Stab Avari and capture the soul he’d stolen in the dagger he’d forged, or abandon that soul and let an innocent child die.
There was really no choice at all.
I sucked in a deep breath and swallowed a sob, tightening my grip on the dagger. I tore my gaze from the toddler and stared into Heidi’s eyes, trying to see Avari staring back at me. Tears rolled down my cheeks. I shoved the double blades deep into Heidi’s stomach. Warm blood leaked sluggishly onto my hand, slower than what had flowed from Beck’s chest, but just as warm, and red, and gruesome.
Her eyes widened and she made a strangled sound of pain. “That truly hurts,” the hellion whispered, with a rare note of surprise. A silver bracelet slid down her arm as she grasped my shoulder for balance, hunched over my knife. “How extraordinary.”
I couldn’t hold her up, so we both fell, and distantly I noticed that no one rushed to help her. As solid and real as she was, they couldn’t see her, just like they couldn’t see me.
Heidi sprawled on the floor beneath me, her jaw clenched in pain, her gaze glued to mine as the hellion swallowed my agony, along with his own.
I didn’t want to spill blood. I didn’t want to fight hellions. I didn’t want to watch people die.
As I blinked through my own horrified tears, a colorless, shapeless haze leaked from Heidi and curled around the dagger, soaking into the hellion-forged steel like water pulled up into a sponge dropped into a puddle.
Her soul. Or maybe the soul of the woman Avari killed.
“Until we meet again,” the demon whispered with a dead girl’s voice. “And, Ms. Cavanaugh, next time it won’t be a stranger.”
His words sent fresh terror through me as I watched, paralyzed by the true pain racking the hellion’s borrowed features. The last of the soul soaked into the dagger and Heidi began to fade from existence, like a shadow dying slowly with the rising of the sun. When she was gone, I still held the double-bladed knife, on my knees on the second floor of the mall.
All that remained of Heidi Anderson was the blood on my knife and a dark bit of smoke where she’d lain, like the Nether-fog that constantly churned between worlds. And as I watched, breathing slowly through my own horror, that dark smudge of…something…began to fade into nothing, just like Heidi’s body had.
On the floor, where she’d been, lay the bracelet she’d been wearing moments earlier. And on the night she’d died.
11
“KAYLEE?” TOD RACED across the E.R. waiting room toward me, dodging chairs but running right through patients. “What happened? Are you okay?”
The dagger slipped from my grip and clattered to the floor as he reached me, and several people turned to stare at the strange, bloody knife that had appeared out of nowhere, from their perspective.

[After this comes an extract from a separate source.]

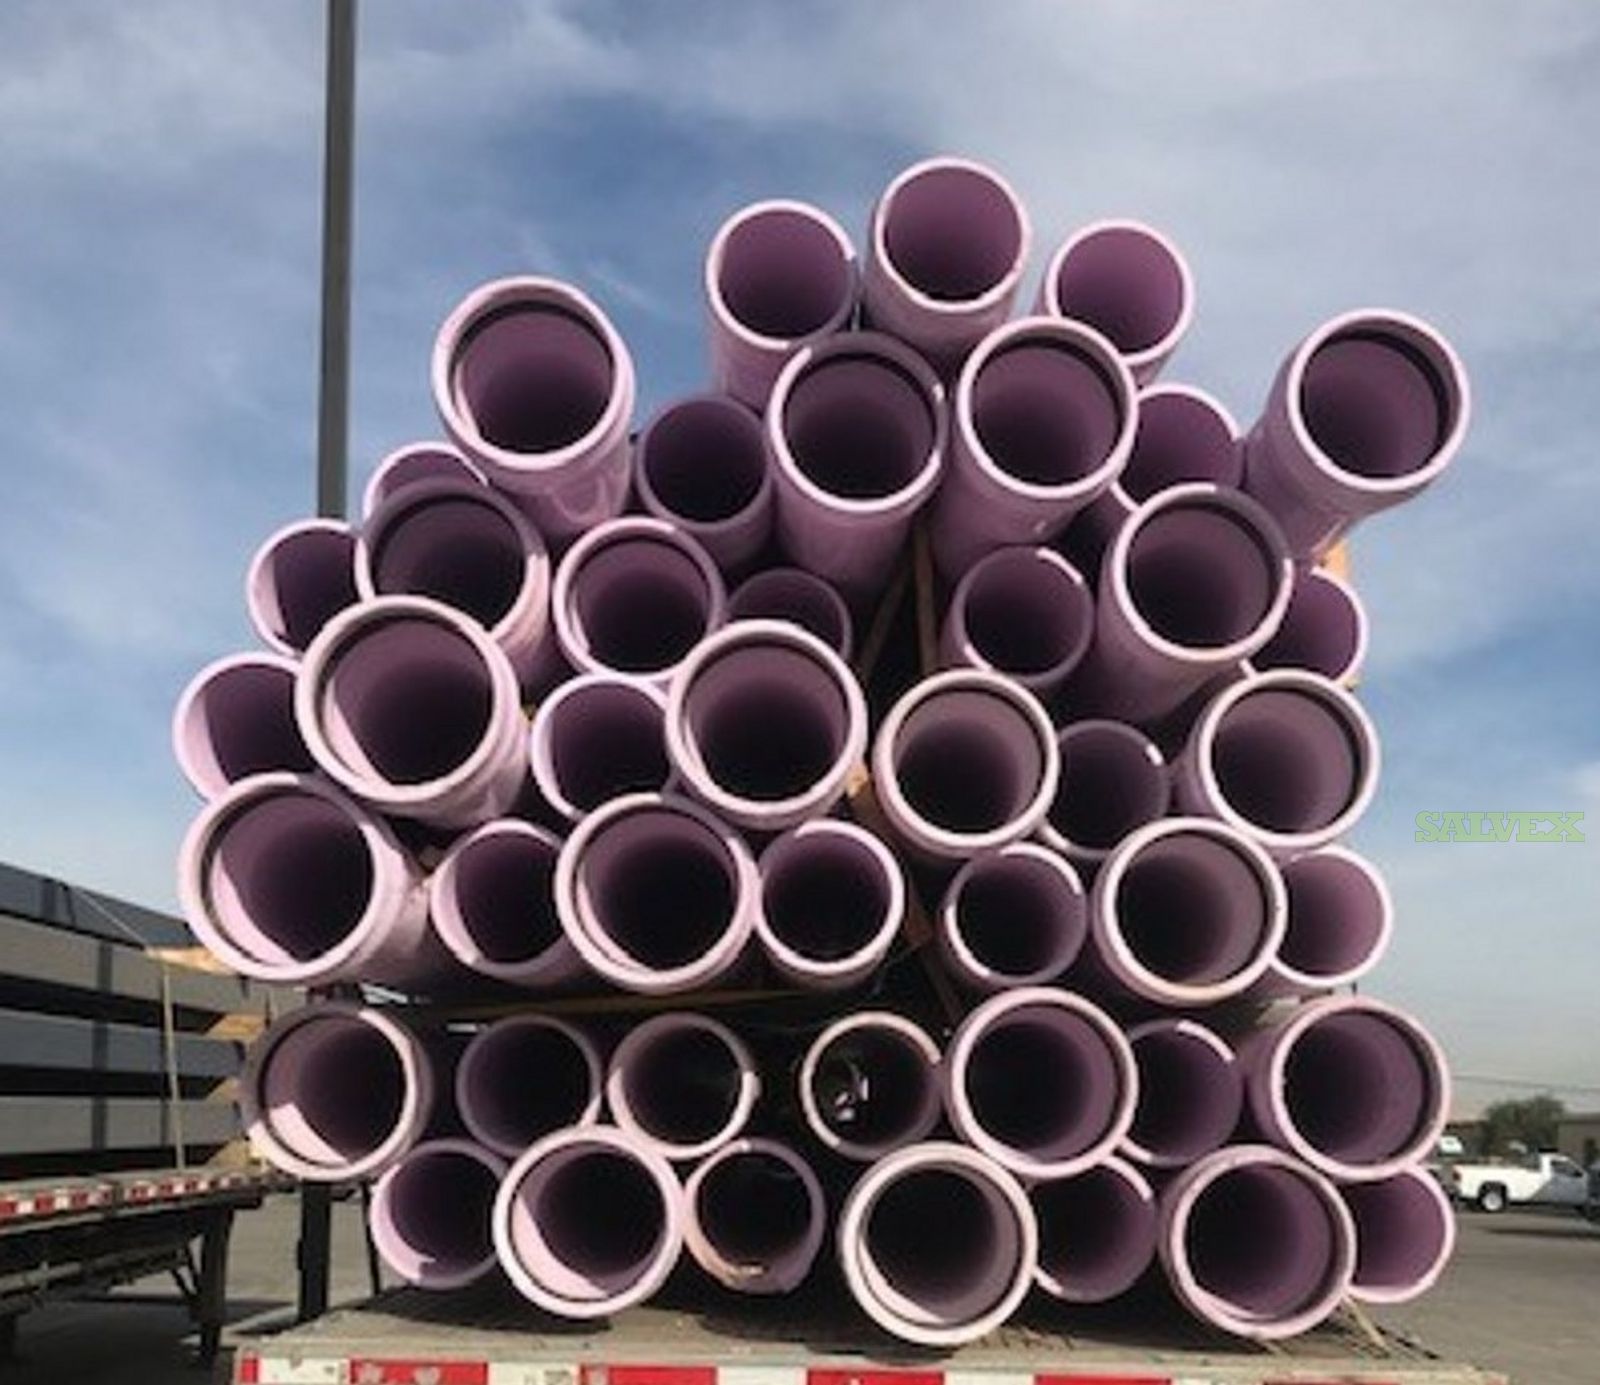 12 x 20' DR14 C900 PVC Purple Pipes w/ Gaskets (91 Units / 1,820 Feet)

Tod bent to snatch it, and the onlookers’ eyes widened as the dagger disappeared from their sight. Several blinked and shuffled slowly toward the drops of blood still on the floor, the only evidence that they hadn’t imagined the whole thing. Several looked scared. Several more looked confused.
Tod led me toward an empty hall without even a glance at them.
“Kaylee. Are you hurt?” He took a step back to look me over, but I couldn’t see anything except my own right hand, still trembling and covered in blood. And Heidi’s bracelet, clenched in my left fist.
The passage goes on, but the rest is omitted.